> Recorded data
---
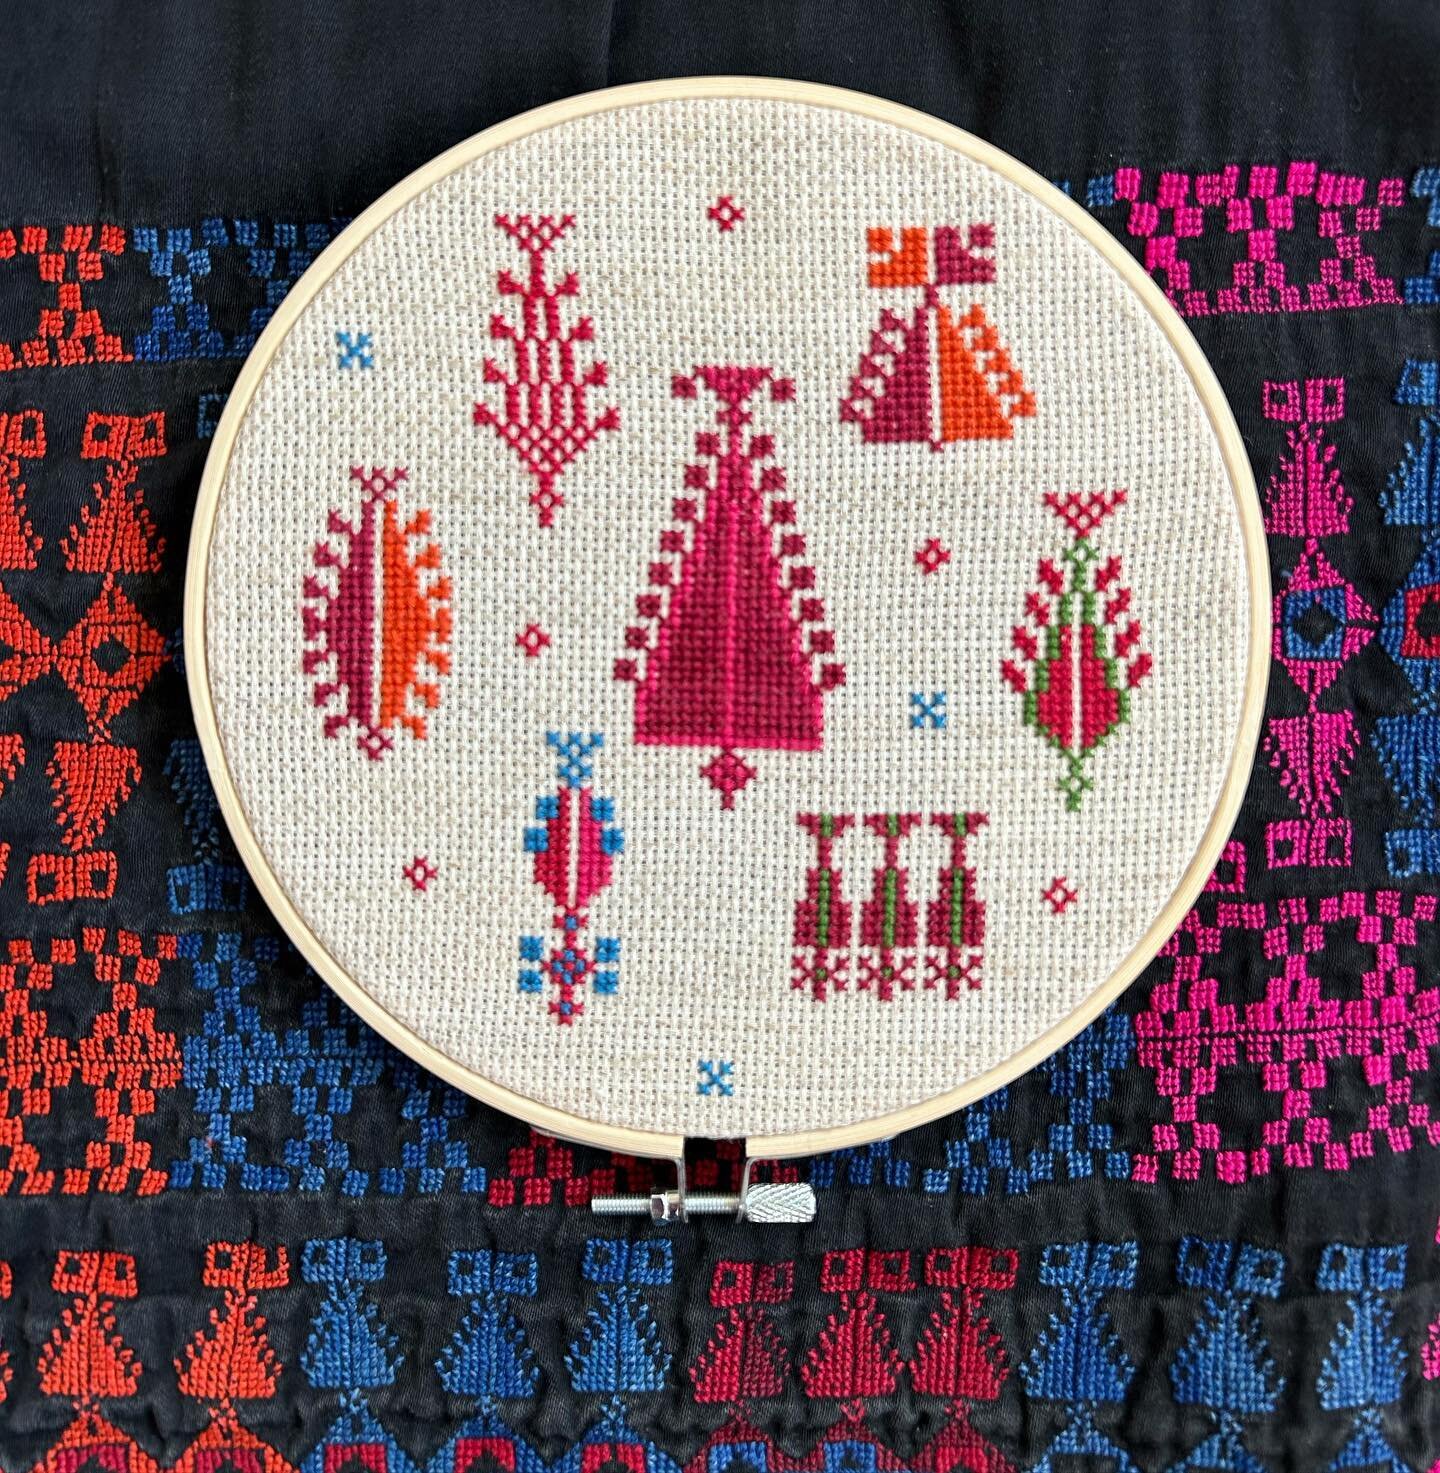 Trees of Palestine embroidery kit for beginners, intermediate level. 

Now available on our site folkglory.com (worldwide shipping) and @tirazcentre and @rummancollective in Amman Jordan.

The Cypress Tree was the most important and widespread motif
---
Type the listing out again word for word, passing over each picture.

 Trees of Palestine embroidery kit for beginners, intermediate level. 

Now available on our site folkglory.com (worldwide shipping) and @tirazcentre and @rummancollective in Amman Jordan.

The Cypress Tree was the most important and widespread motif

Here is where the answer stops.